Christian de Portzamparc pour Cheval blanc, Jean Nouvel pour La Dominique, Philippe Stark pour Les Carmes Haut-Brion… Depuis une dizaine d’année, les grands vignobles français font appel à des architectes de renom pour sublimer leur chai et en faire des lieux de visite touristique, porteur de l’image de marque de l’exploitation et non plus seulement des sites de production.
Le Château Haut-Bailly, propriété emblématique de l’appellation Pessac-Léognan dans le Bordelais, a voulu relever le défi avec un nouveau chais circulaire et aux deux tiers enterré, à la fois furtif et spectaculaire, qui a accueilli ses premières vendanges en septembre 2021.
« Le projet a fait l’objet d’un échange pendant six mois avec le maître d’ouvrage car l’objectif n’était pas seulement de construire un bâtiment mais aussi de l’intégrer au mieux à l’ensemble du domaine afin notamment que le nouveau chai ne vienne pas en compétition avec le château qui est le centre de la composition, explique Daniel Romeo, le fondateur de l’Agence Romeo Architecture en charge du projet. Dans cet esprit, le nouvel équipement s’inscrit dans une continuité topographique avec le château, en légère déclivité, raison pour laquelle nous avons découpé et relevé le socle pour glisser les fonctions programmatiques en dessous tandis que des porte-à-faux de 6,5 mètres viennent prolonger le jardin paysager. »
Le toit végétalisé et vrillé s’insère dans le paysage et constitue une protection contre les variations de températures. C’est pour cette même raison que le béton a été choisi pour la structure du chai lui-même, les propriétés d’inertie thermique du matériau faisant ici merveille. L’espace accueillant les cuves n’est ainsi ni chauffé, ni refroidi.
Des cuves-sculptures
Si l’extérieur du bâtiment se veut sobre, l’intérieur est ouvertement spectaculaire grâce notamment à un dôme de 38 mètres de diamètre sans poteaux. Ce socle majestueux vient recouvrir une salle de 1 500 m² accueillant 44 cuves entièrement en béton, y compris l’intérieur puisque seul de l’acide tartrique, un matériau naturel issu de la vigne, y est projeté pour constituer une pellicule imperméable et étanche.
« Ce sont de véritables sculptures qui font entre 10 et 15 tonnes à vide, 4 mètres de haut et 2,5 de diamètre souligne Daniel Romeo. Lorsque le visiteur arrive sur la passerelle, il est comme suspendu au-dessus d’elles, puis il peut descendre par un escalier circulaire au cœur de cette zone de travail où il se retrouve compressé contre les cuves. Cela crée une impression forte qui rappelle la puissance d’un très bon vin, ce côté tourbillonnant que notre palais garde en mémoire. Le bâtiment, par ces formes, donne un ressenti spatial que j’espère analogue. »

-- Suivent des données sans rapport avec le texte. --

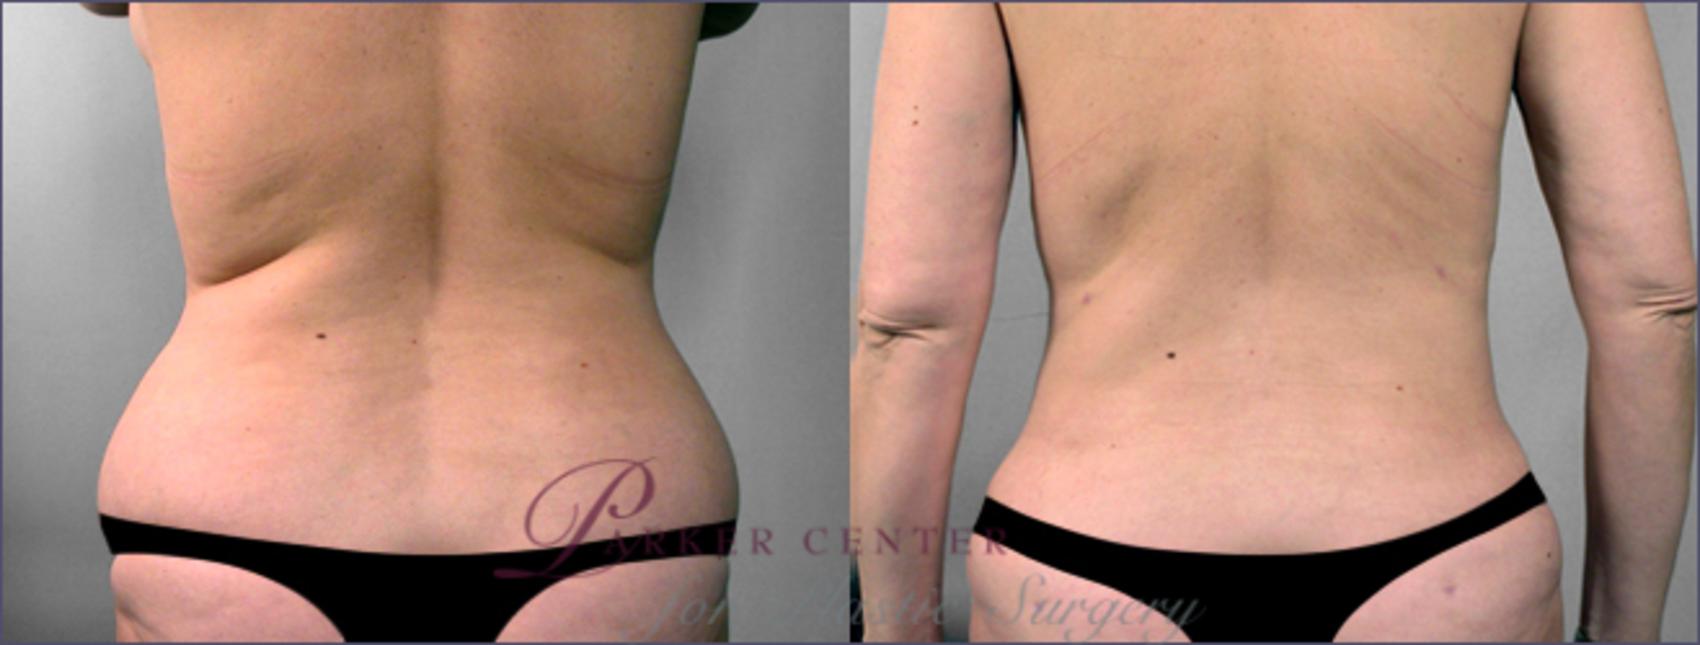 Liposuction Before and After Pictures Case 769, Paramus, NJ

Sous la salle cuves, le chai à barriques d’une surface identique est lui équipé en chauffage et refroidissement pour assurer une température constante de 17 degrés Celsius.
Outre ses qualités thermiques, le choix du béton a également été fait pour son aspect pérenne qui correspond au contexte patrimonial dans lequel le chai s’insère, l’ensemble de la zone étant classé monument historique.
Si le béton d’une couleur très claire en raison d’un granulat blanc, est d’une composition classique, un travail d’orfèvre a été réalisé sur les coffrages.
Réalisés sur mesure en raison des formes sinusoïdales du chai, ils ont permis de produire un béton lisse et brut du plus bel effet, notamment pour la voûte coulée d’un seul tenant en une seule et même nuit.